Royal Pharmaceutical Society

Monoclonal antibodies and COVID-19

by Professor Gino Martini, RPS Chief Scientist

As the race to develop a vaccine against COVID-19 advances, a number of researchers are focusing on finding a short-term way to treat people with the disease by using monoclonal antibodies or mAbs. Rather than developing vaccines to coax the body’s immune system to make its own antibodies, the concept is to inject designer versions of these antibodies to kill the SARS-CoV-2 virus directly.  The use of mAbs is popular in the field of cancer treatment and now possibly in combating COVID-19. So how does this work?

Our wonderful Immune System

Our immune system is designed to attack antigens, such as cancer cells and viruses by making proteins called antibodies. These antibodies will circulate throughout the body and will identify these foreign antigens. Attachment of the antibody to the antigen can neutralise the antigen directly and signal to the immune system to release more antibodies.

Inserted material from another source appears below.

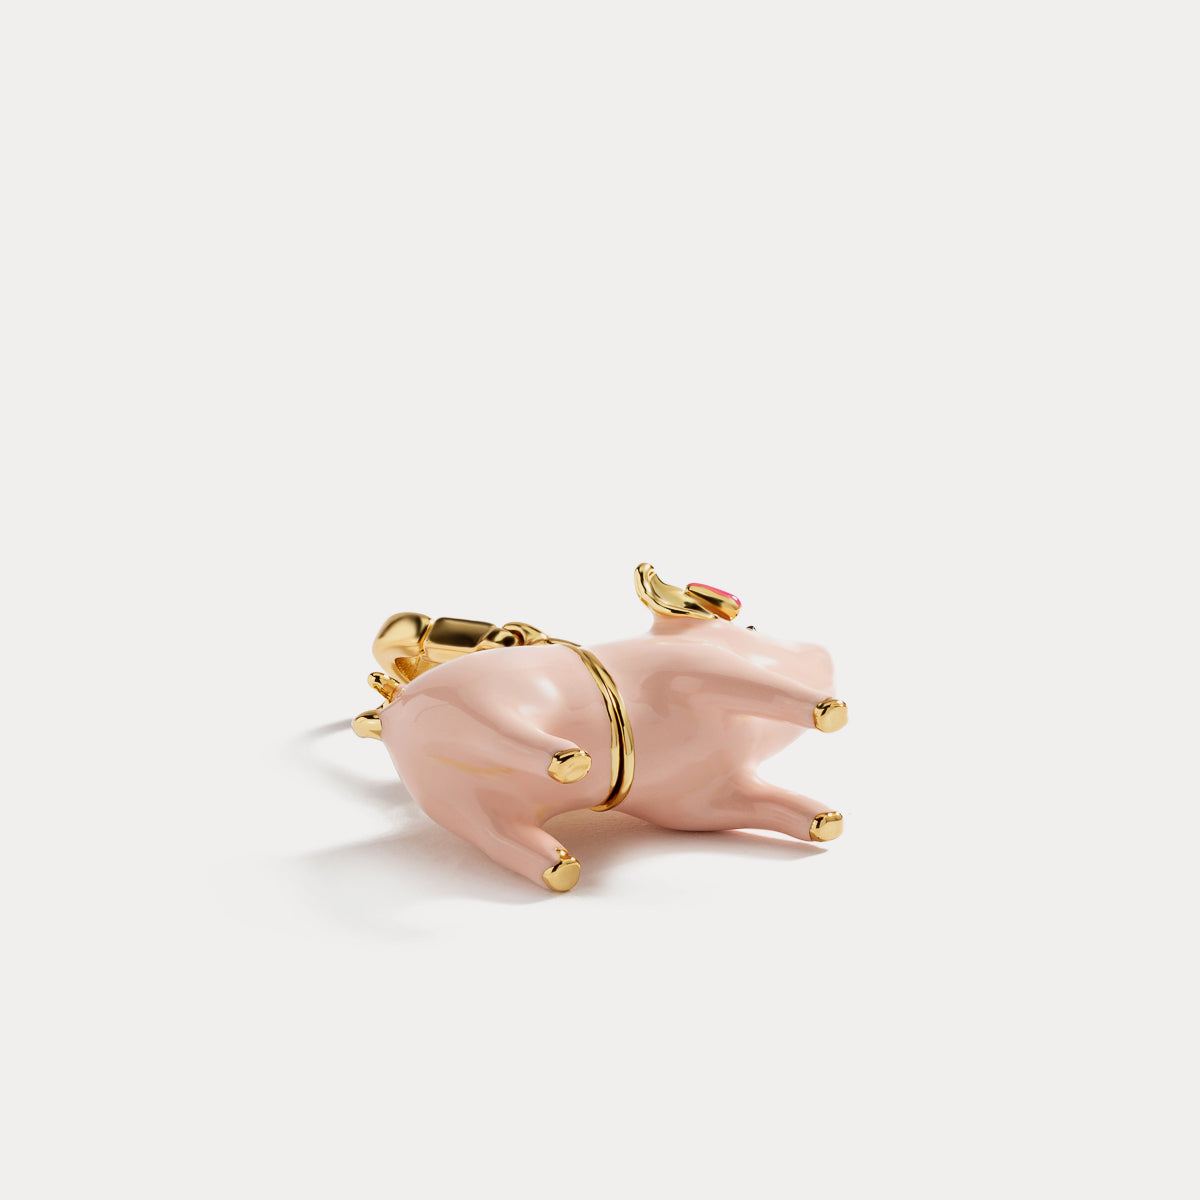 enamel pink pig pendant necklace
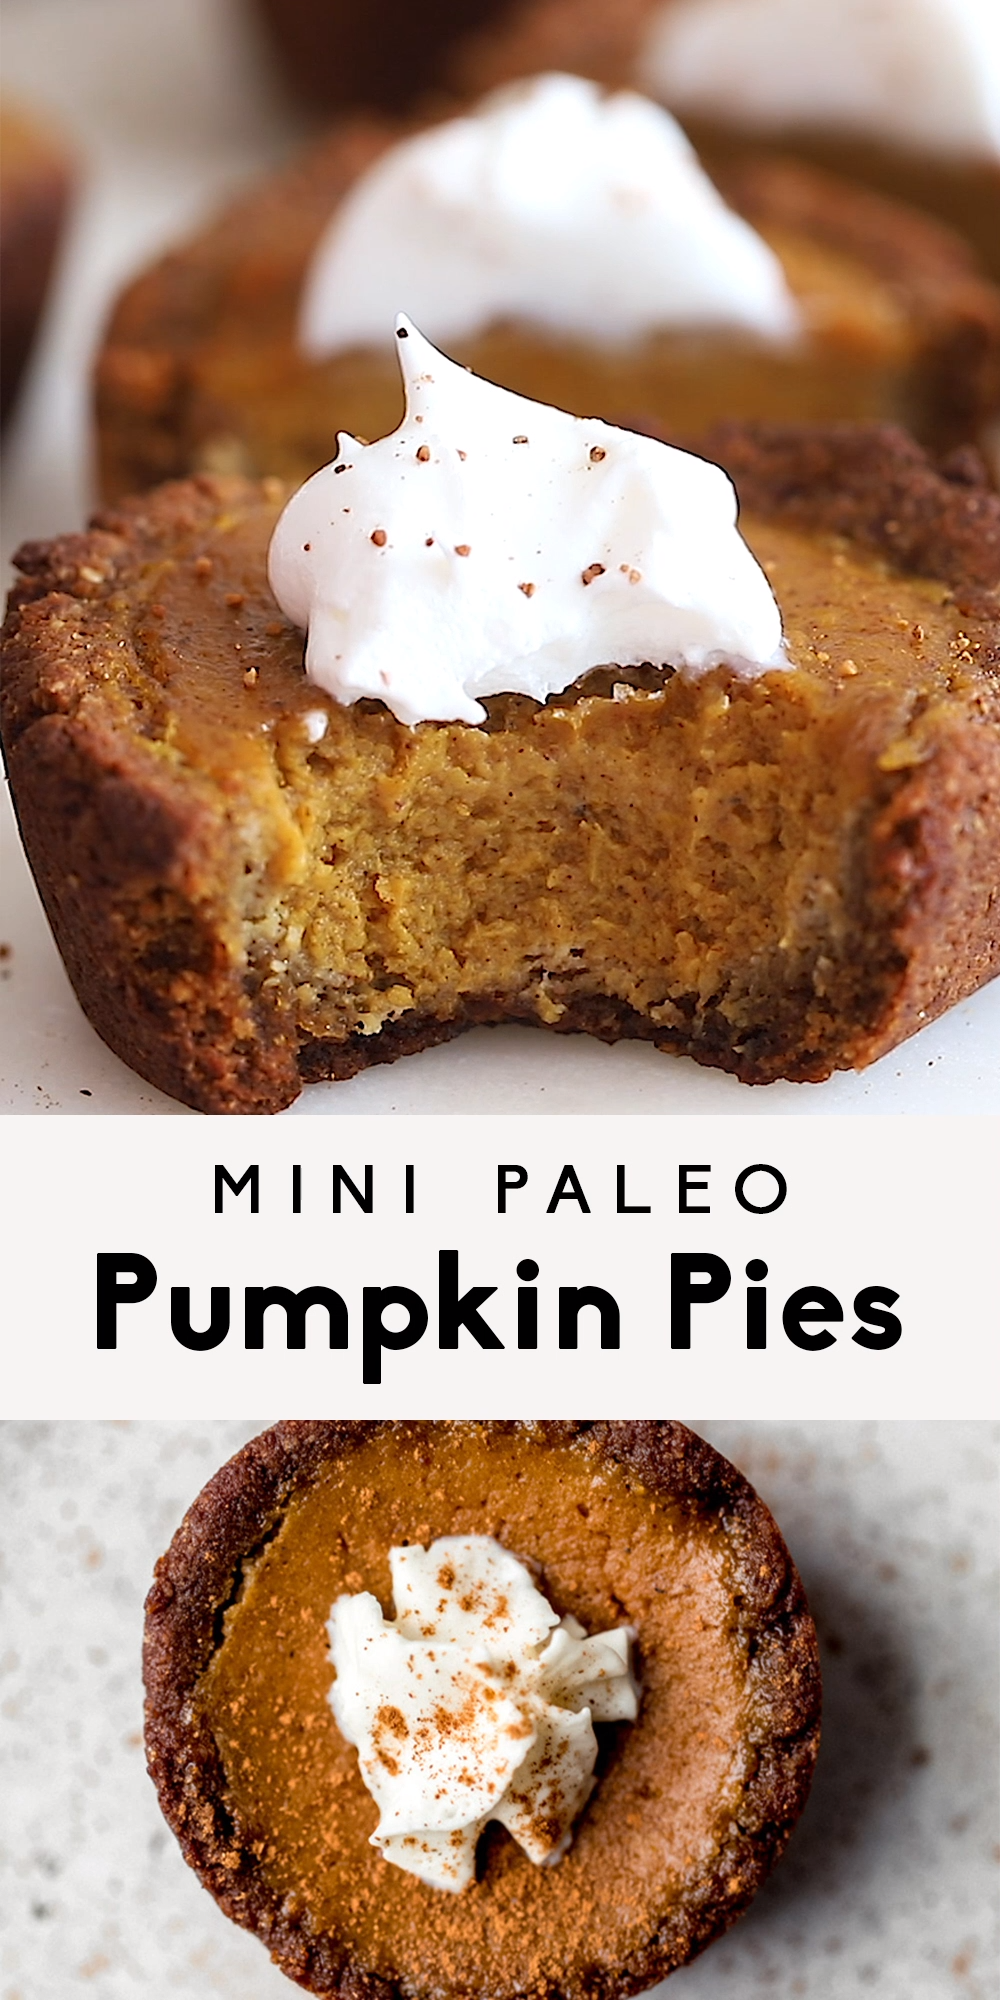 Mini Paleo Pumpkin Pies with Gingerbread Cookie Crust -   18 desserts Gluten Free glutenfree ideas

Researchers can design antibodies that specifically target a certain antigen, such as those found on cancer cells. Once isolated, they can then make many copies of that antibody in the lab, hence the term monoclonal antibodies.

What mAbs are made of

Monoclonal antibodies are man-made proteins that act like human antibodies in the immune system. There are 4 different ways they can be made and are named based on what they are made of.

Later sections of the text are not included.